Владислав Фелицианович Ходасевич
За снегами
Елка выросла в лесу. Елкич с шишкой на носу. Ф. Сологуб Наша елка зажжена. Здравствуй, вечер благовонный! Ты опять бела, бледна, Ты бледней царевны сонной. Снова сердцу суждена Радость мертвенная боли. Наша елка зажжена: Светлый знак о смертной доле.

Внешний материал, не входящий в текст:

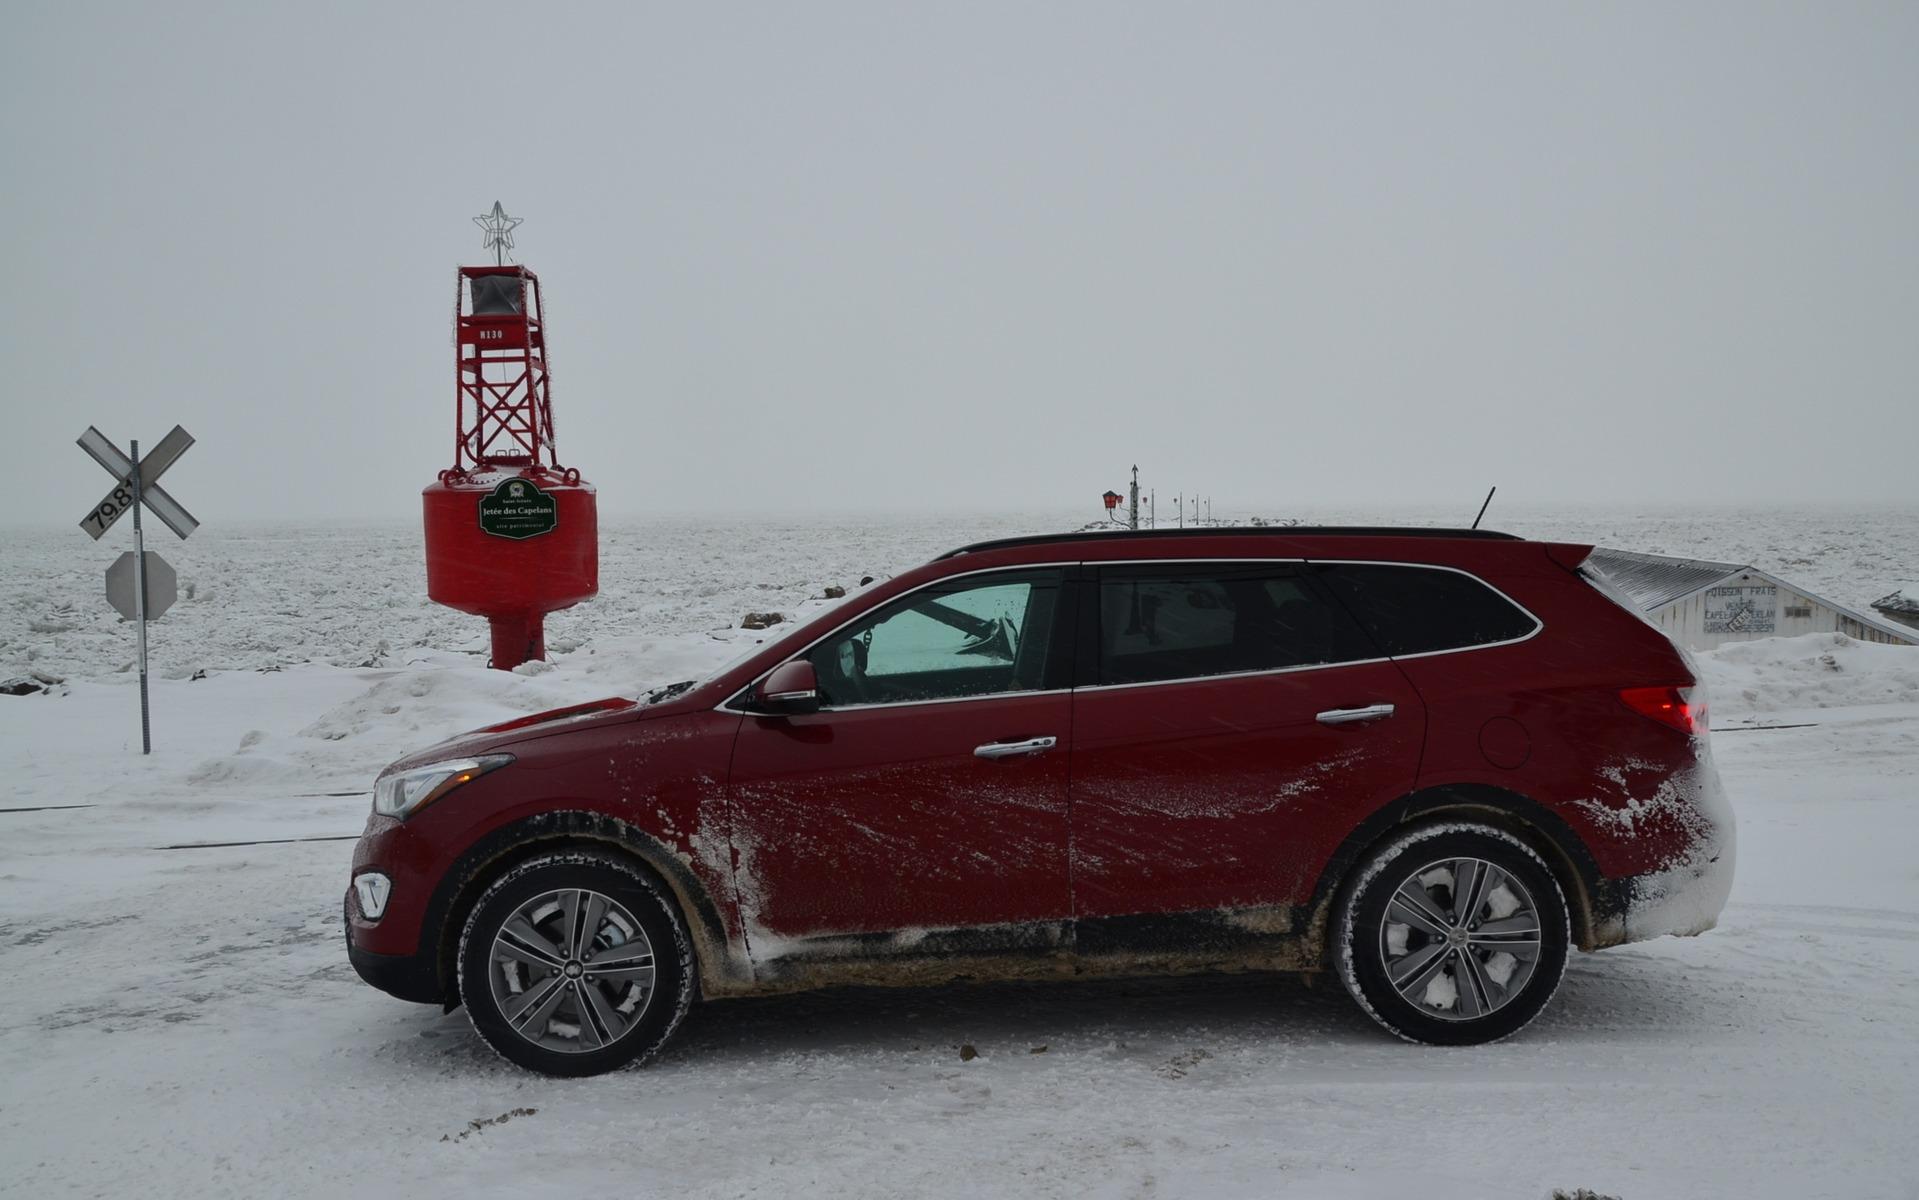 Hyundai Santa Fe 2015 >> 2015 Hyundai Santa Fe XL: A Test Drive In My (Snowy) Backyard - 14/15

Ты стройна, светла, бледна, Ты убьешь рукой невинной: Наша елка зажжена. Здравствуй, вечер, тихий, длинный: Хорошо в моей тиши! Сладки снежные могилы! Елкич, милый, попляши! Елкич, милый, милый, милый. 16 ноября 1907 Петербург
Владислав Фелицианович Ходасевич
Акробат
(Надпись к силуэту) От крыши до крыши протянут канат. Легко и спокойно идет акробат. В руках его палка, он весь – как весы, А зрители снизу задрали носы. Толкаются, шепчут: «Сейчас упадет!» – И каждый чего-то взволнованно ждет. Направо – старушка глядит из окна, Налево – гуляка с бокалом вина. Но небо прозрачно, и прочен канат. Легко и спокойно идет акробат. А если, сорвавшись, фигляр упадет И, охнув, закрестится лживый народ, – Поэт, проходи с безучастным лицом: Ты сам не таким ли живешь ремеслом?
Владислав Фелицианович Ходасевич
Passivum
Листвой засыпаны ступени: Луг потускневший гладко скошен: Бескрайним ветром в бездну вброшен, День отлетел, как лист осенний. Итак, лишь нитью, тонким стеблем, Он к жизни был легко прицеплен! В моей душе огонь затеплен, Неугасим и неколеблен.
Владислав Фелицианович Ходасевич
Странник прошел, опираясь на посох…
Странник прошел, опираясь на посох, – Мне почему-то припомнилась ты. Едет пролетка на красных колесах – Мне почему-то припомнилась ты. Вечером лампу зажгут в коридоре – Мне непременно припомнишься ты. Что б ни случилось, на суше, на море Или на небе, – мне вспомнишься ты.
Владислав Фелицианович Ходасевич
Звезда
Выходи, вставай, звезда, Выгибай дугу над прудом! Вмиг рассечена вода Неуклонным изумрудом. Ты, взнесенная свеча, Тонким жалом небо лижешь, Вкруг зеленого меча Водяные кольца движешь. Ты вольна! Ведь только страсть Неизменно цепи множит! Если вздумаешь упасть, Удержать тебя кто сможет? Лишь мгновенная струя Вспыхнет болью расставанья. В этот миг успею ль я Прошептать мои желанья?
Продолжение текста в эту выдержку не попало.